System troubleshooting and performance improvements
Prerequisites
What to expect from this course
This brief course tries to provide a general introduction on how to troubleshoot system issues, like analysing api failures, resource utilization, network issues, hardware and OS issues. Course also briefs on profiling and benchmarking to measure overall system performance.
What is not covered under this course
This course does not cover following -:
- System Design and Architecture.
- Programming practices.
- Metrics and Monitoring.
- OS basics.
Course Contents
- Introduction
- Troubleshooting
- Important tools to know
- Performance improvements
- Troubleshooting Example
- Conclusion
Introduction
Troubleshooting is an important part of operations & development. It can’t be learned by just reading one article or completing a course online, Its a continuous learning process, one learns it during :-
- Daily operations and development.
- Finding & Fixing application bugs.
- Finding & Fixing system & network issues.
- Performance analysis and improvements.
- And more.
From an SRE’s perspective, It is expected that they are aware of certain topics upfront to be able to troubleshoot problems around single or distributed systems.
- Know your resources well, understand host specifications, liks CPU, Memory, Network, Disk etc.
- Understand system design and architecture.
- Ensure important metrics are being collected/rendered properly.
There was a famous quote by HP founders - “What gets measured gets fixed”
If system components and performance metrics are captured thoroughly then there is a high chance of success in troubleshooting an issue, at its earliest.
Scope
There is no common approach to troubleshoot different types of applications or services, the failure can occur at any layer of it. We will keep the scope of this work to a web api service type only.
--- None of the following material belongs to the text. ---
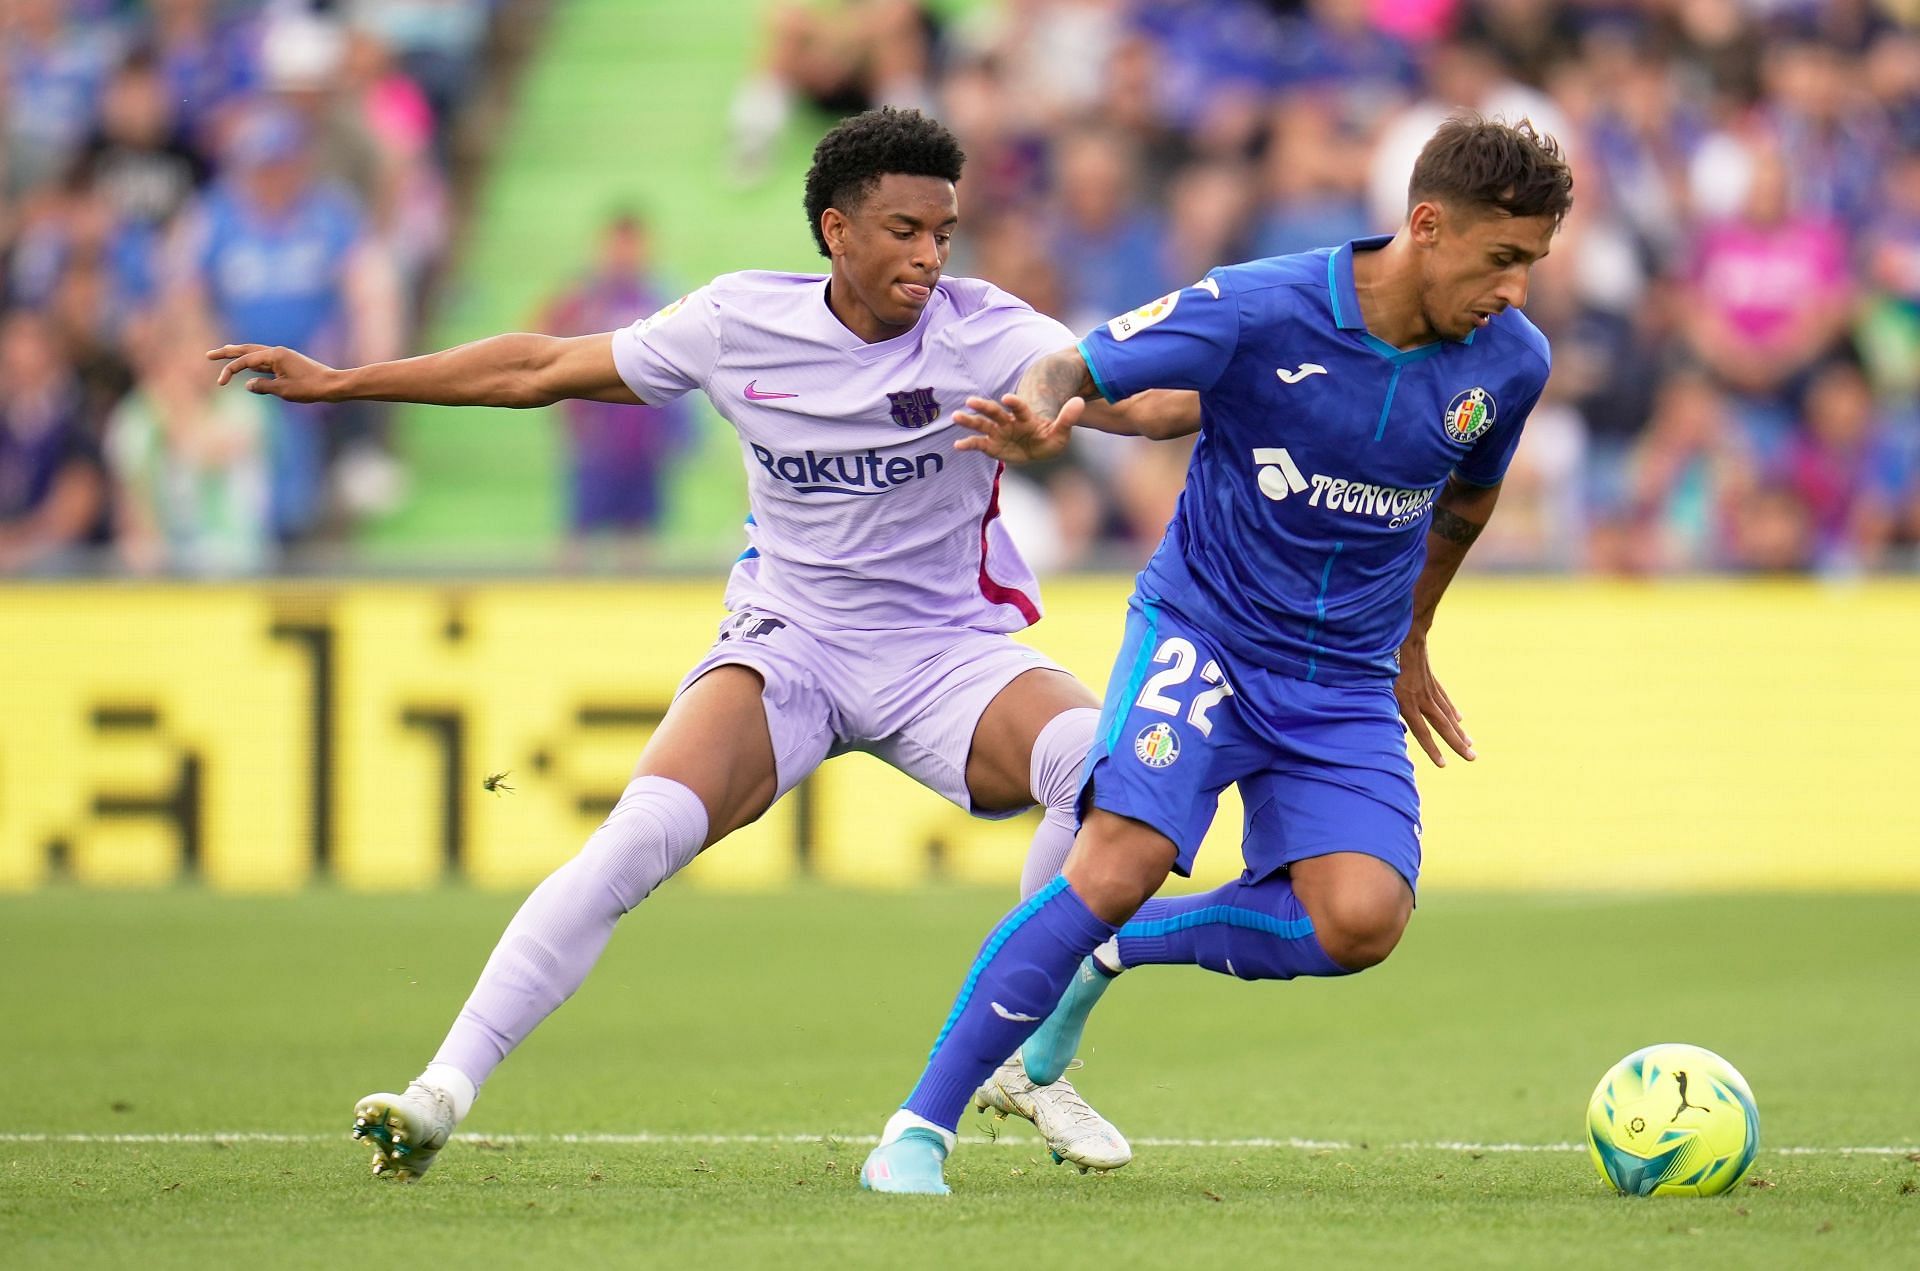 Getafe have a point to prove
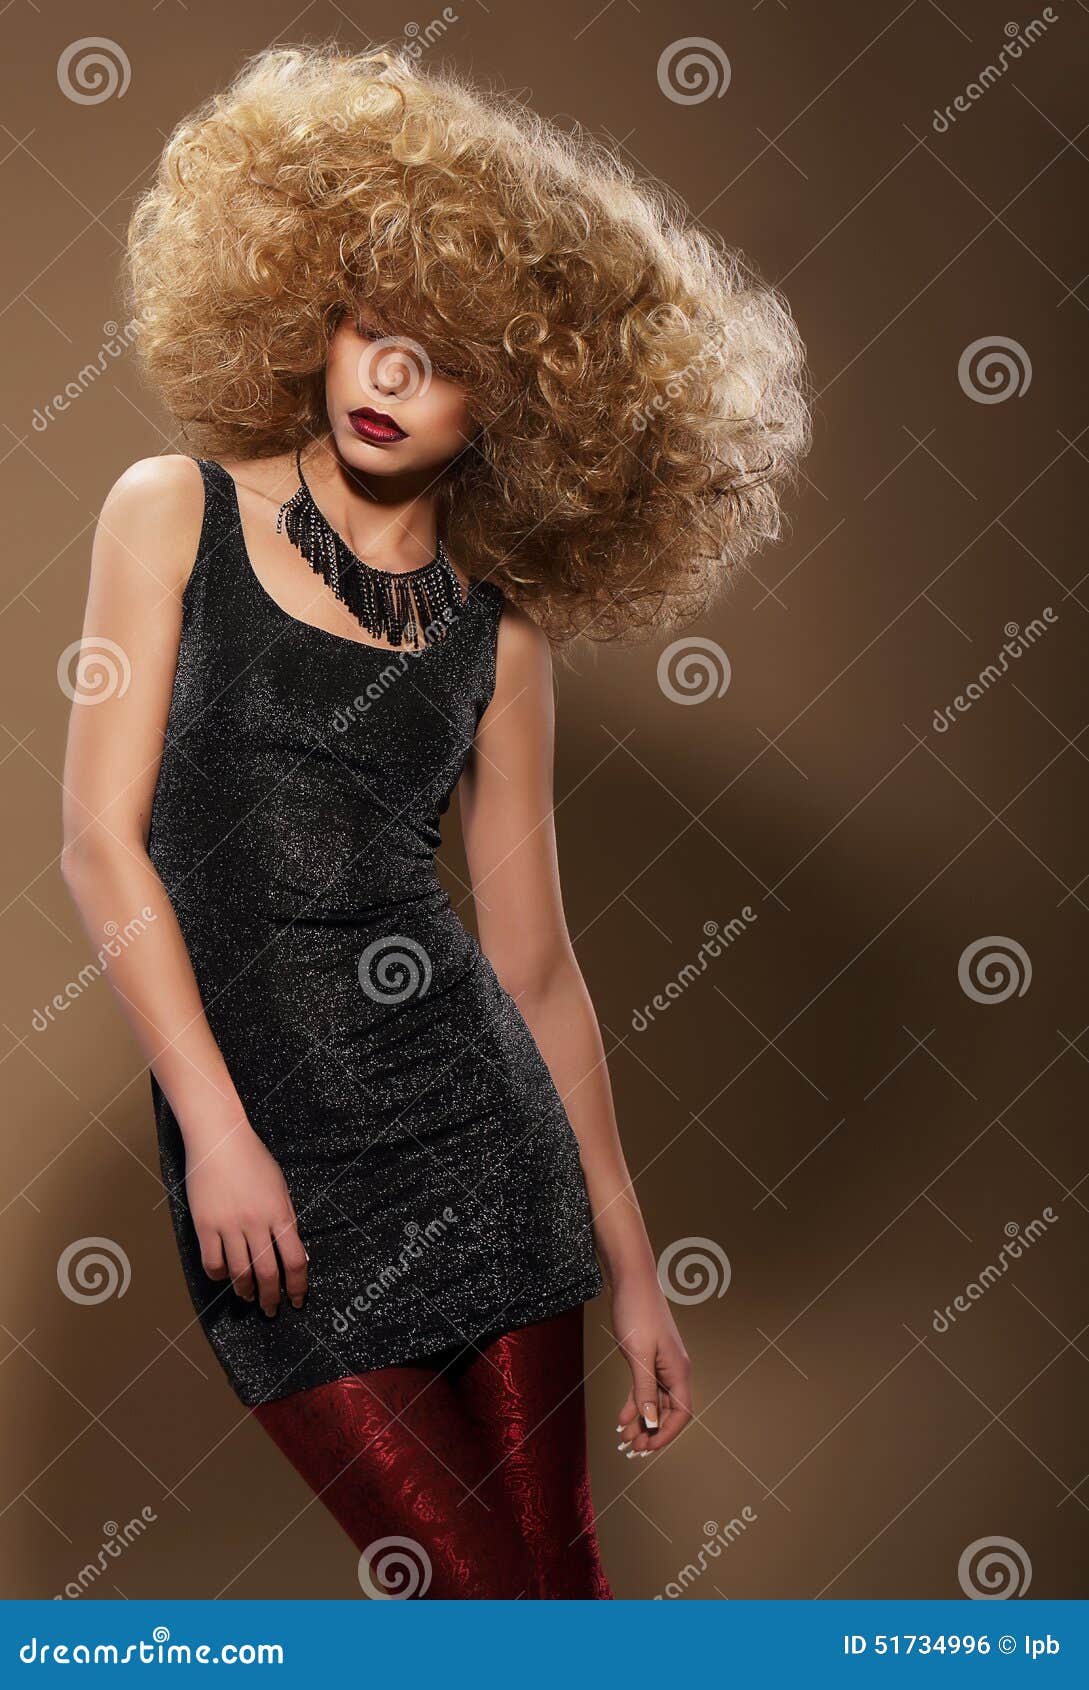 vogue style. stylish woman with extravagant hairstyle

Note -: Linux ecosystem is wide, there are hundreds of tools and utilities which can help with system troubleshooting, each comes with its own set of benefits and functionalities. We will cover some of the known tools, either already available with Linux or are available in the open source world. Detailed explanation of mentioned tools in this doc is out of scope, please explore the internet or man pages for more examples and documentation around the same.